Türkiye’nin Ar-Ge’ye yaptığı yatırımda da gözle görülür önemli gelişmeler bulunduğunu aktaran Smits, “2005’ten bu yana Türkiye’nin Ar-Ge yatırımları 2 katına çıktı. Bu oldukça umut verici. Bu noktada, araştırma ve inovasyon alanlarında Türkiye’de üniversiteler ile işbirliğimizi nasıl geliştirebiliriz buna bakmamız gerek. Bu konferansın da en önemli çıktısının bu olacağını düşünüyorum” diye konuştu.

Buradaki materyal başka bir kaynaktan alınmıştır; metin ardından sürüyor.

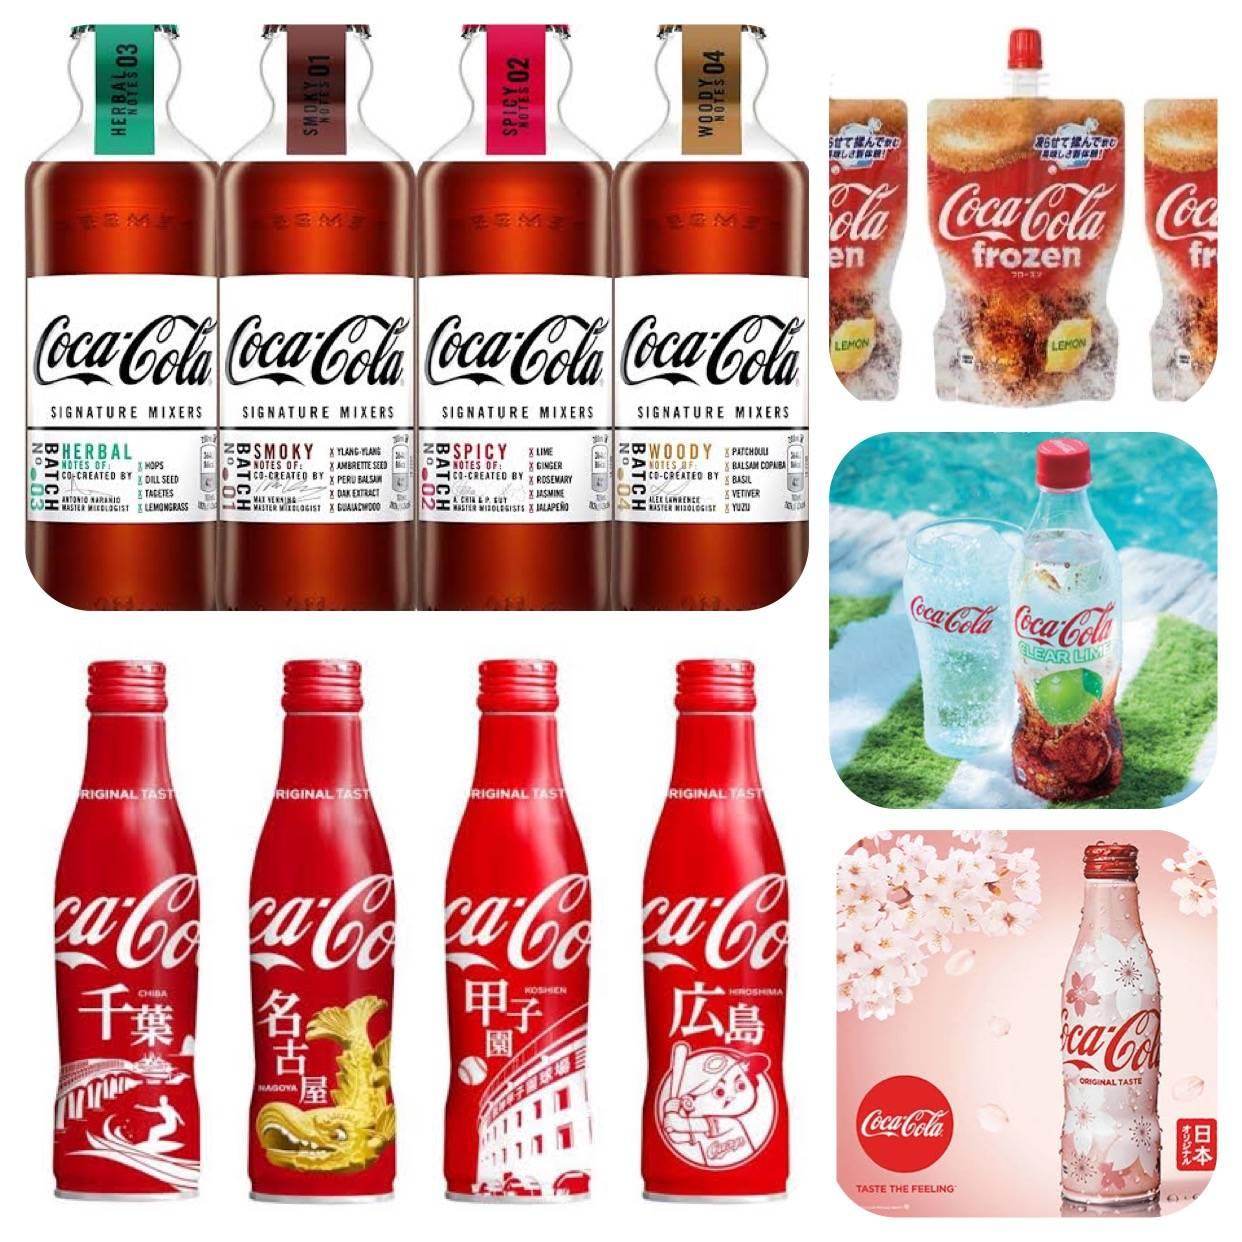 Tendência de novos sabores, séries premium e festivas são inevitáveis,  pois seguem a preocupação com a redução do hábito de se consumir diariamente refrigerantes

TAÜG, Türkiye için çalışacak
Türk Araştırma Üniversiteleri Güç Birliği’nin (TAÜG), Türk araştırma, inovasyon ve yükseköğretim sektöründe atılması gereken adımları belirlemek üzere çalışmalar yapması ve ortak girişimler başlatması hedefleniyor.
Türkiye’deki benzer profile sahip araştırma ağırlıklı diğer üniversitelerin katılımıyla daha da güçleneceği öngörülen TAÜG’ün, Türkiye’deki ve Avrupa’daki ilgili kurumlar ile işbirliği içinde çalışarak Türk üniversitelerinin yurtdışında tanınırlığını ve rekabet avantajını artırıcı faaliyetler gerçekleştirmesi planlanıyor. Konferansın ilk gününde ortak bir de deklarasyon yayınlandı.
Deklarasyonda Türkiye Araştırma Üniversiteleri Güç Birliği’nin kurulması sürecinde, sözkonusu üniversitelerin çalışmalarının önemli bir kısmı Avrupa Araştırma Alanı’na odaklanacağı vurgulanırken bu kapsamda TAÜG’ün kısa vadeli planları şu şekilde sıralandı:
- Avrupa Araştırma Alanı önceliklerinin Türkiye’de uygulanabilmesi için rektörlerin liderliğinde Avrupa Araştırma Alanı Reform Gündemi’nin şekillendirilmesi,
- Üniversiteler, Bakanlıklar, YÖK, TÜBİTAK ve sanayinin yakın işbirliği ile eylem planlarının hazırlanması, hedeflerin belirlenmesi, Avrupa Araştırma Alanı önceliklerinin uygulanması ve bu alanlardaki ilerlemelerin takibi,
- Mevcut deneyimlerinden yararlanılması ve en iyi uygulama örneklerinin paylaşılması için başta European Research Universities (LERU) ve European University Alliance (EUA) olmak üzere Avrupa’daki kurumlar ile daha yakın işbirliğinin sağlanması,
- Avrupa kurumları ve paydaşları ile işbirliğini geliştirmek, Avrupa Birliği programlarına katılımı artırmak (özellikle HORIZON 2020 gibi araştırma ve yenilik programları),
- Avrupa’da politika geliştirme süreçlerine dahil olmak amacıyla Brüksel’de daha güçlü bir temsiliyet sağlanması.